> _Problem_: Copy out again, unchanged, the listing below from the line that has "重庆市2013-2014学年度校历" through the line that has "6 tháng đầu".

> _Record set_:
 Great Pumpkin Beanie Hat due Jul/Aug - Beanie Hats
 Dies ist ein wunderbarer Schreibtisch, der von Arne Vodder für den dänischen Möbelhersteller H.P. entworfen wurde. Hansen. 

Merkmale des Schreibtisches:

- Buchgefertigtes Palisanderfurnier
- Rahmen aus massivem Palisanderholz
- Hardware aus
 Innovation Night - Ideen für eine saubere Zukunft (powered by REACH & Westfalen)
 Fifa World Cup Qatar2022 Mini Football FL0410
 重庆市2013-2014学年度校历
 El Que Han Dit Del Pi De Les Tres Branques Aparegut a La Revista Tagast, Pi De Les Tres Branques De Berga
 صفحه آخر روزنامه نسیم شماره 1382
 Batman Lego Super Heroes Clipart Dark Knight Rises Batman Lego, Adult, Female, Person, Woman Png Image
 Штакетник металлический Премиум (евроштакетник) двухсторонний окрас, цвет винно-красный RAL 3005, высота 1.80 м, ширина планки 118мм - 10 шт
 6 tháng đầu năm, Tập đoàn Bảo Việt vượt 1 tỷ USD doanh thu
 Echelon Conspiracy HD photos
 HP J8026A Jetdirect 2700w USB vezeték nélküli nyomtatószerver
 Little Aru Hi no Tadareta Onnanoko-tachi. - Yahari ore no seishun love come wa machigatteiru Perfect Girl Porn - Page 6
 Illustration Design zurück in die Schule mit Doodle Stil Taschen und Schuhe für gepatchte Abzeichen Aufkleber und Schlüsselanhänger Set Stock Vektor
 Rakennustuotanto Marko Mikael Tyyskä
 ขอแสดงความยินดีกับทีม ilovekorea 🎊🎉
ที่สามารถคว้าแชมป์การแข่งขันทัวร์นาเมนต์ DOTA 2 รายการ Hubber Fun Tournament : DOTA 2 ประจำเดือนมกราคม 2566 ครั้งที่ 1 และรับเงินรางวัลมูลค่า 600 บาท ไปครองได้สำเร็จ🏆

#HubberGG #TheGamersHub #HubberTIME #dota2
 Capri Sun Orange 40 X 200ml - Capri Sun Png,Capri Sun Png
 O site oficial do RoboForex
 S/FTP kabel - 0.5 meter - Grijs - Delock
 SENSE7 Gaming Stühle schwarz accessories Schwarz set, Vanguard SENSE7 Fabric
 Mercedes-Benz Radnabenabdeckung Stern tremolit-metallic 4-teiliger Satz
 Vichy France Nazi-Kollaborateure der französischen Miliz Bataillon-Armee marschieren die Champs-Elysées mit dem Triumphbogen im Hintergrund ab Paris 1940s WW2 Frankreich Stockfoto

> _Result_:
 重庆市2013-2014学年度校历
 El Que Han Dit Del Pi De Les Tres Branques Aparegut a La Revista Tagast, Pi De Les Tres Branques De Berga
 صفحه آخر روزنامه نسیم شماره 1382
 Batman Lego Super Heroes Clipart Dark Knight Rises Batman Lego, Adult, Female, Person, Woman Png Image
 Штакетник металлический Премиум (евроштакетник) двухсторонний окрас, цвет винно-красный RAL 3005, высота 1.80 м, ширина планки 118мм - 10 шт
 6 tháng đầu năm, Tập đoàn Bảo Việt vượt 1 tỷ USD doanh thu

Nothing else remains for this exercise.